Building an AML/CTF Governance Structure for Betting Agencies | Australia 2026
Effective AML/CTF compliance requires clear governance: defined roles, clear accountability, and senior leadership commitment. From 31 March 2026, bookmakers and betting agencies must establish a governance structure with three key roles: a governing body, senior manager(s), and an AML/CTF compliance officer.
This article explains what each role entails and how to implement governance that actually works — with emphasis on demonstrating control effectiveness through meaningful management information.
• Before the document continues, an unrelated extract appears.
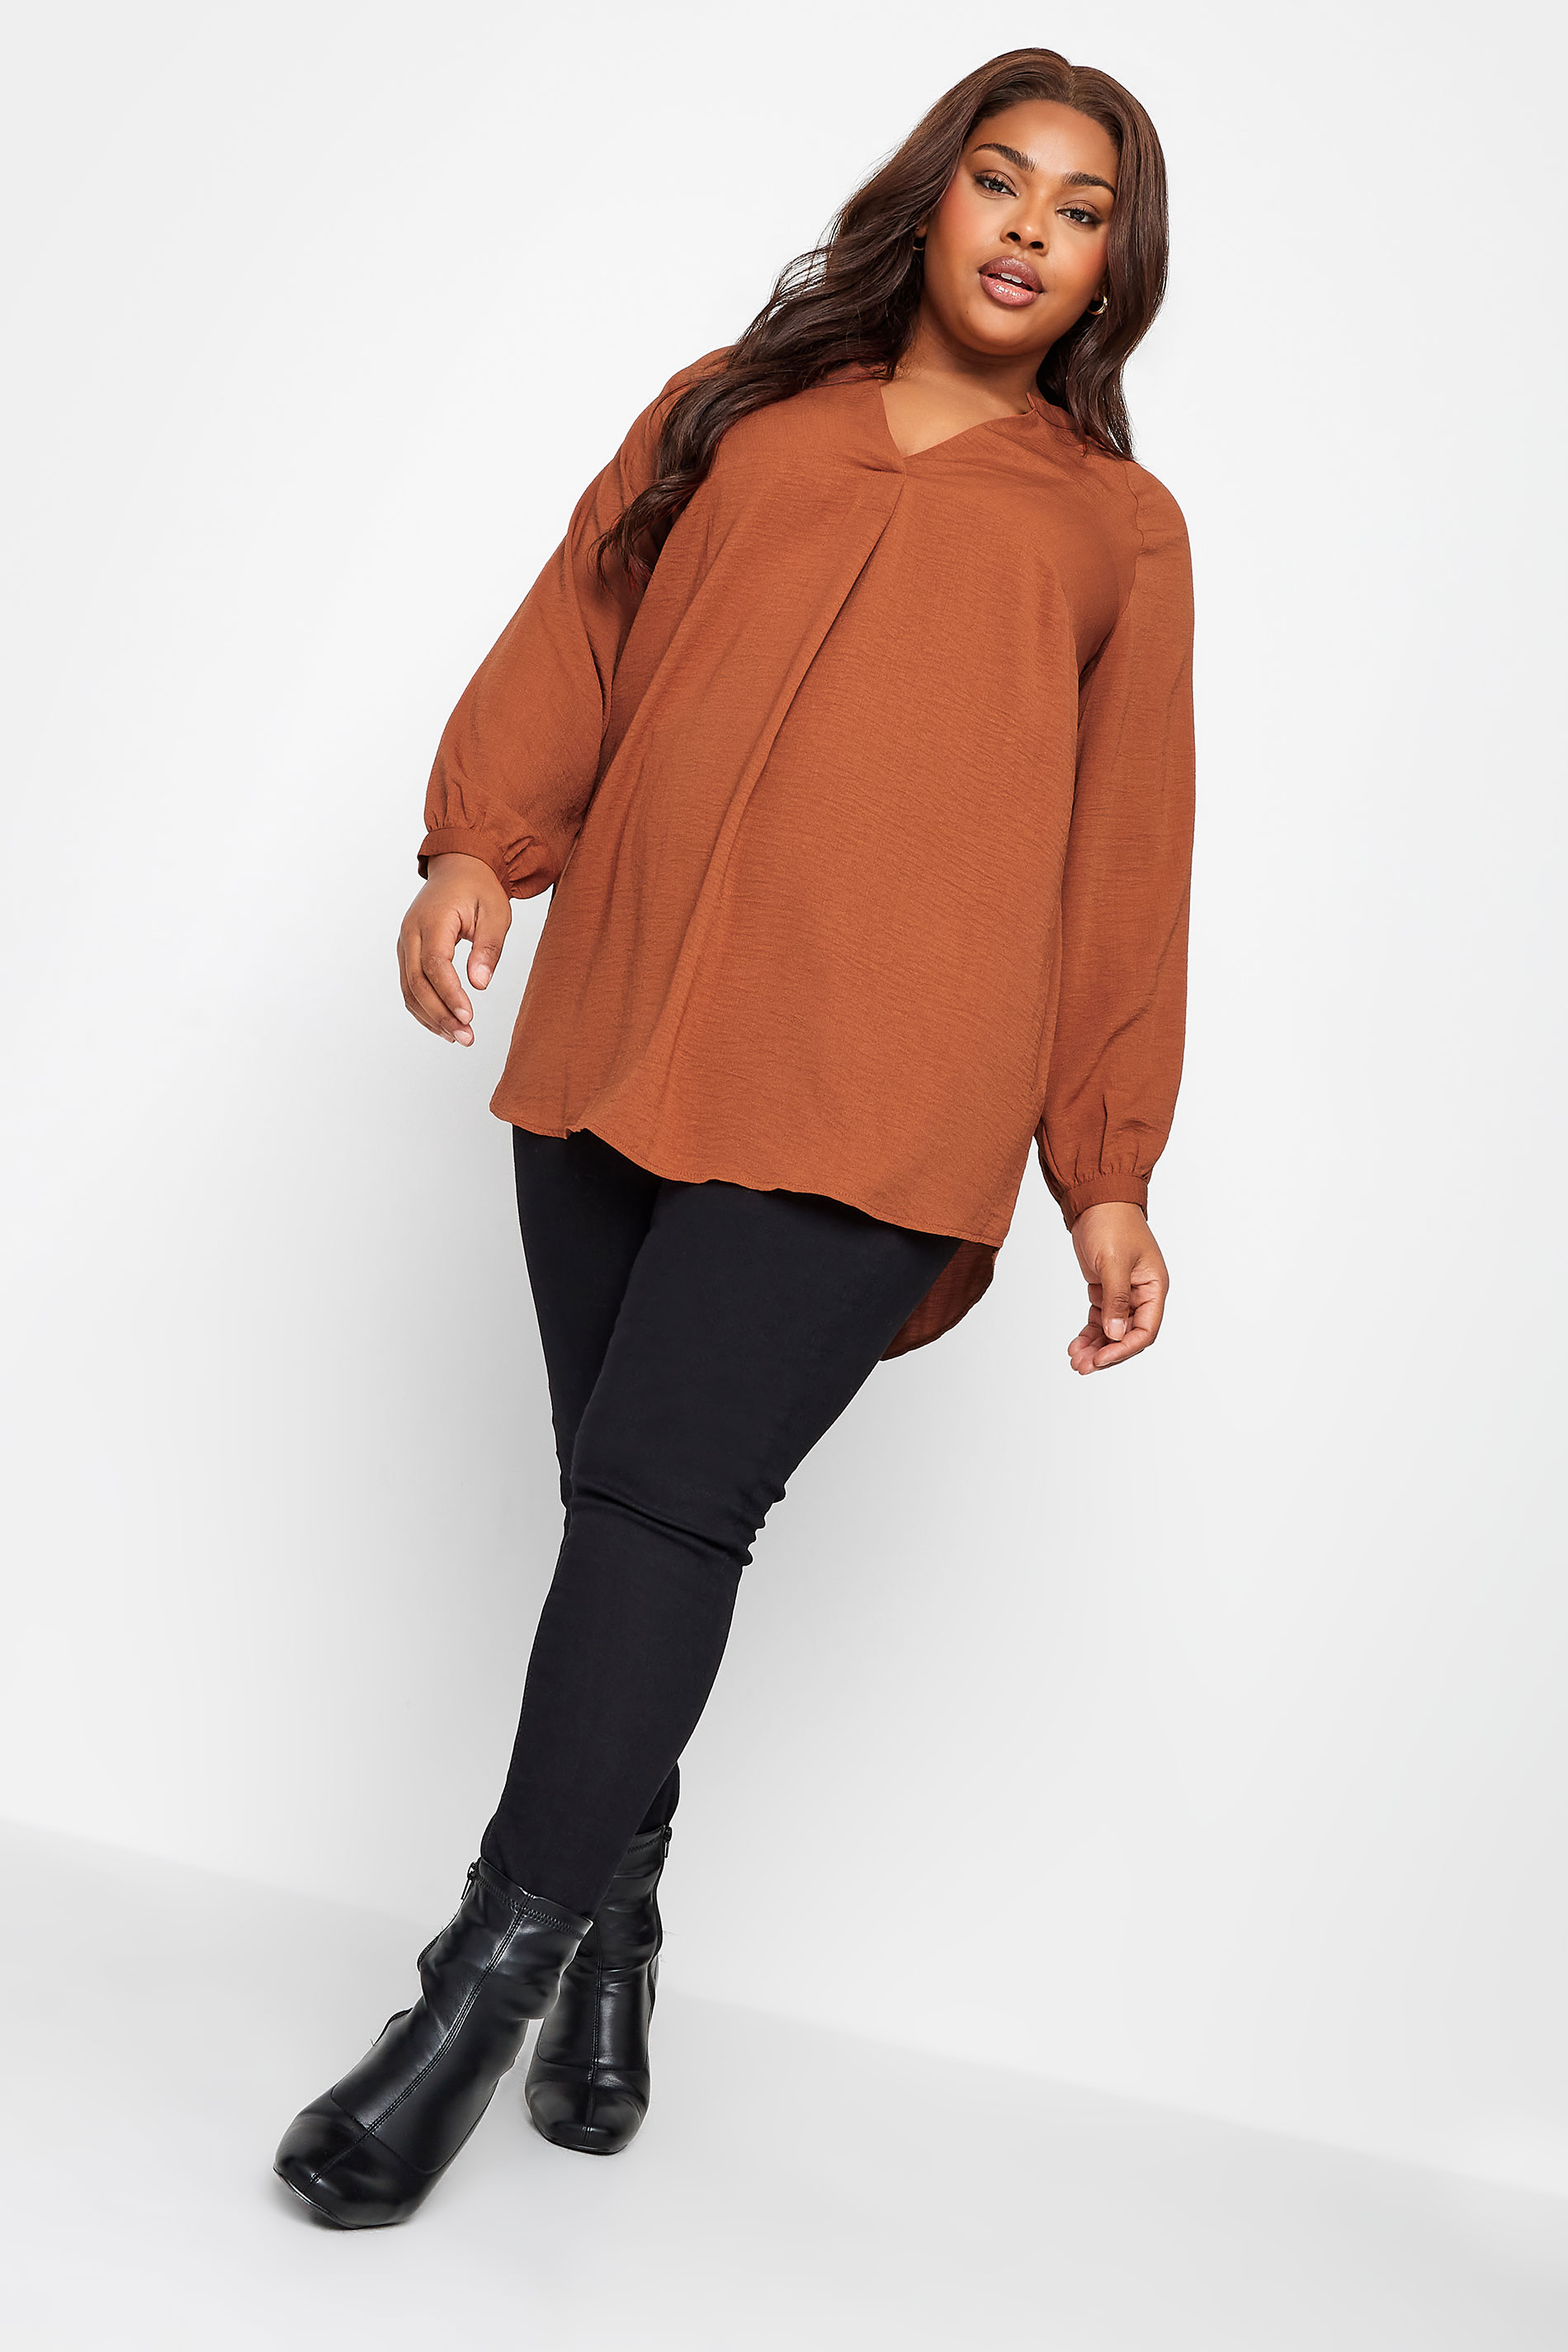 YOURS Curve Plus Size Rust Orange Textured Tunic Shirt | Yours Clothing  2

AUSTRAC's enforcement actions against Sportsbet, bet365 and Entain have raised the governance bar for every Australian betting operator.
The three governance roles
Governing body (Board/Owner/Senior Leadership)
- Holds primary responsibility for the business's overall governance and sets the compliance tone
- Approves the AML/CTF program and compliance strategy
- Ensures resources (budget, staff, systems) are available to implement compliance
- Reviews meaningful management information on compliance performance (monthly or quarterly)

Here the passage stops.